Even though Law No. 26,773 maintains the current structure of the Labor Risks Law No. 24,557 and amends only a few of its sections, it represents a clear step forward in the legal field of the labor risks regime.
On October 26, 2012, Law No. 26,773 that modifies the current Labor Risks Law No. 24,557 (hereinafter referred to as “LRL”), was published in the Official Gazette. The bill finally approved was the one submitted by the Executive Branch to the Argentine Congress.
Law No. 26,773’s approval was criticized by certain union entities and has been received with relief by business associations.
Even though Law No. 26,773 is limited to modify only a few sections of the LRL, by keeping its current structure, it represents a clear step forward in the legal field of the labor risks regime. The LRL has shown, many times, that it was not effective in order to give reasonable and dynamic solutions to the problems arising within the scope of labor accidents and professional illnesses. Such lack of effectiveness has led the Argentine Supreme Court to establish certain interpretation guidelines of such law, throughout precedents such as “Castillo”, “Aquino” and “Milone”, in a clear attempt to amend the outdated law.
Law No. 26,773 brings predictability to the corporate field, since the LRL’s deficiencies triggered many different judicial rulings which –unintentionally- brought an absolute lack of security while repairing misfortune events since the employees did not clearly understand what their rights were and the companies did not know precisely what were their obligations; all of this derived in significant extra costs and a total lack of judicial security to resolve situations derived from labor misfortunes.
Hence, one of the most important changes brought by Law No. 26,773 is the elimination of what was locally known as “double track” (“doble vía”) and its replacement for an “exclusive option”. From now on, this means that employees who suffered an accident or a professional illness will have to choose between collecting the statutory severances granted by the Labor Risks Insurance Companies or otherwise taking legal actions and request the application of civil law at Court. The possibility of accumulating severances is finally eliminated; this was happening in reality, despite the opinion of certain scholars to the contrary. The elimination of the double track will necessarily lead to a significant reduction of the so-called “trial industry”.
Furthermore, the new Law includes the update of the severance amounts, together with the general principle of making just one single payment, with an additional 20% when the damage is produced at the workplace. These changes imply an improvement for the employee who suffered an accident or a professional illness.
Along with other recent amendments we found that, within the text of Section 2 of the Law, the worker who suffered an accident or an illness shall be entitled to collect the sums of money as from the moment of occurrence of the misfortune event or the date of determination of the causal link with the professional illness. The terms of Section 2 show the commencement of the victim’s assistance. This full assistance will help the employee to make a more educated decision as to whether to accept the statutory severances or take legal actions.

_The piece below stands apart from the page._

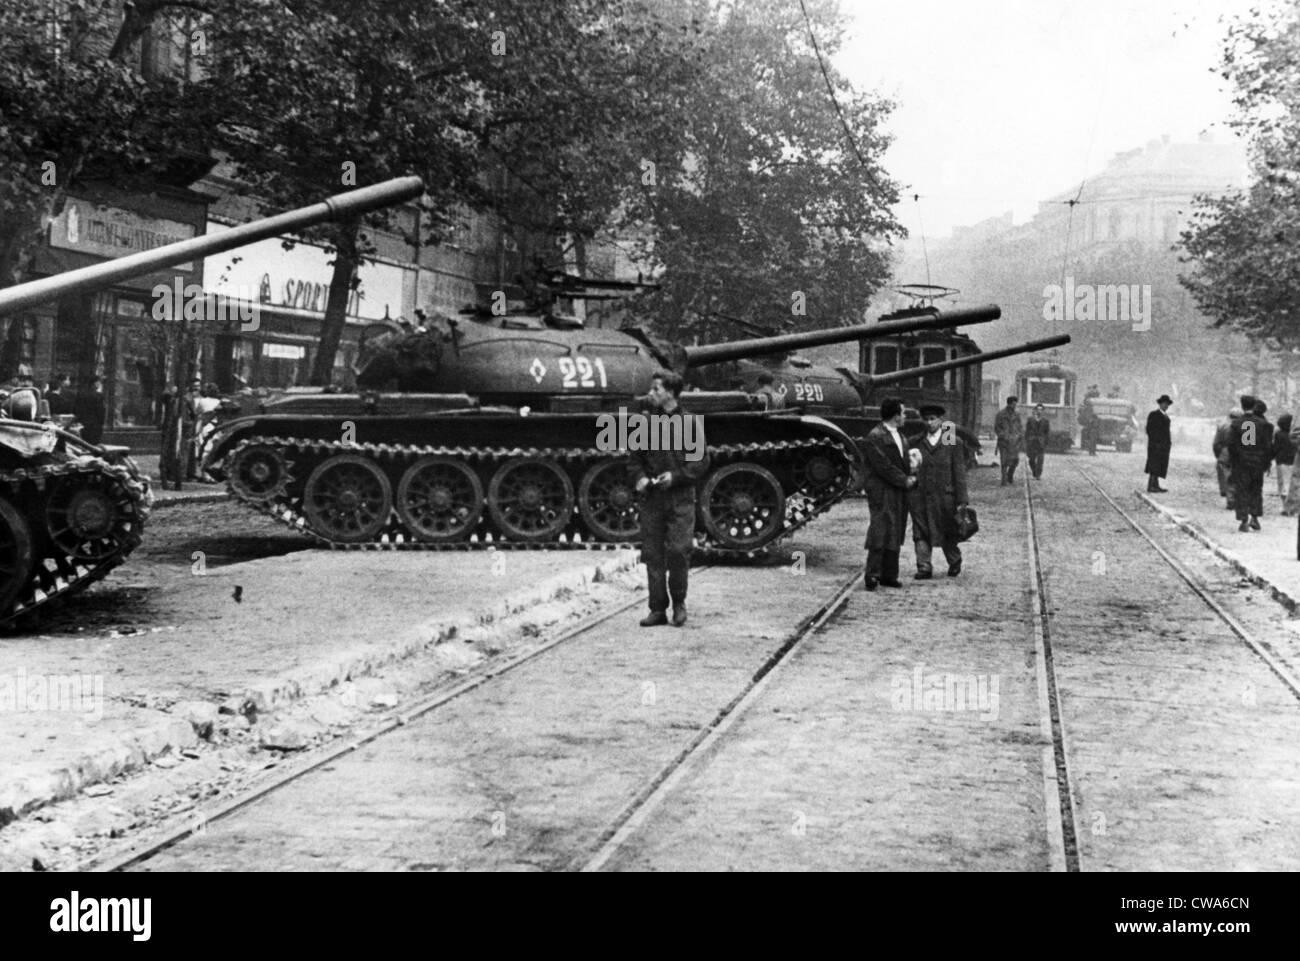 Los tanques rusos ocupando Budapest, durante la Revolución húngara de 1956. Cortesía: CSU Archives/Everett Imagen De Stock

Section 3 of the Law grants an improvement for employees who suffer a total disability or who die, since it provides an additional severance amount which will never be lower than AR$ 70,000.

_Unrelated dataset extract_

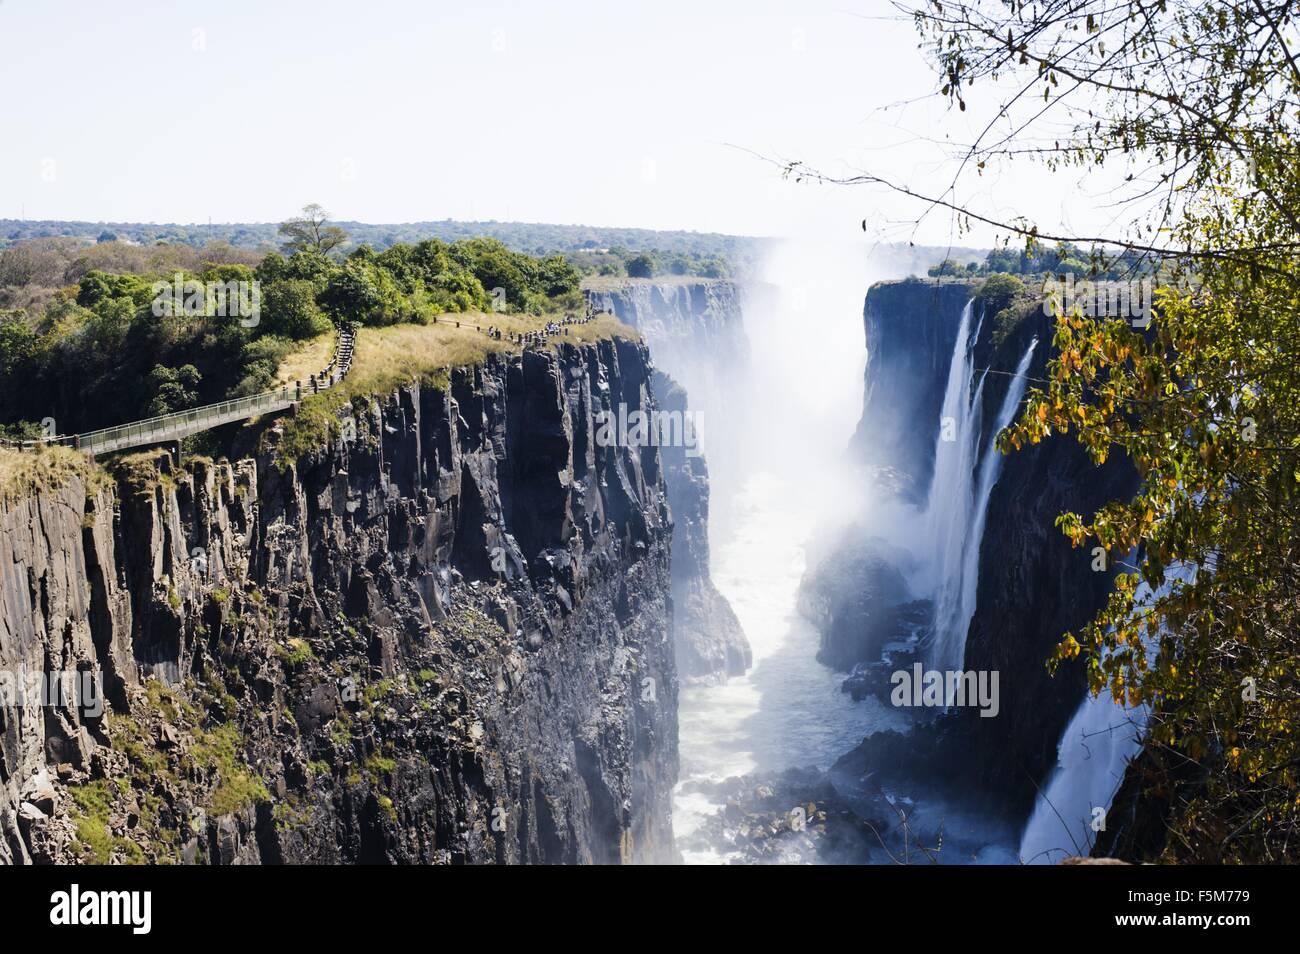 View of Victoria Falls, Zambia - Stock Image

Other important novelties introduced by the new Law are:
- The elimination of Periodical Installments, which are replaced by a single payment. The legal doctrine issued by the Argentine Supreme Court in re: “Milone” and “Torales” has been taken into consideration to support this change. It would have been better to give the employee an option to choose the severance payment method, since history shows that the collection of a single payment has not been very effective for the victims.
- The jurisdiction of Civil Courts for cases that aim to obtain full reparation. It is worth mentioning that this new event shall be automatically applied within the City of Buenos Aires and each of the provinces will have to decide whether they will join this initiative or not. This change is very reasonable since civil judges are better attuned for setting and establishing responsibility rules and damage reparations.
- The creation of the “Labor Risks Insurance/Mutuals” which could be associations between unions and companies, as a result of the collective negotiation.
- Section 7 sets forth the employer’s possibility to hire an insurance coverage that will be applicable to “other responsibility systems”. It seems like an interesting initiative since it grants predictability to businessmen, and an additional track for employees to collect their severance. The National Superintendence of Insurance will be the controlling agency in charge of setting the rules to hire such insurance coverage. As to the fee regime, the new Law has introduced significant changes at a reasonable cost.
- Within the scope of Section 11, the fee regime will be subject to the terms of Section 26 of the Law No. 20,091 (Insurance and Controlling Entities Law) and will have to be approved by the National Superintendence of Insurance. After one year since the incorporation of the fee to the employer’s contract, the Labor Risks Insurance Company will be entitled to modify it, “…by giving due prior notice with 60 days in advance …” Even though –in practice- we have not yet been able to analyze the performance of the fee regime, we can say that such system constitutes a step forward in the field and creates a favorable scenario for the employer.
In sum, Law No. 26,773 implies an evolution in the regulation, which gives predictability to the system considering that the increase of severances together with the introduction of the “exclusive option”, allow us to see that there will be a decrease in the litigation rate, that –in future- will be for the benefit of all parties involved within the labor risks system.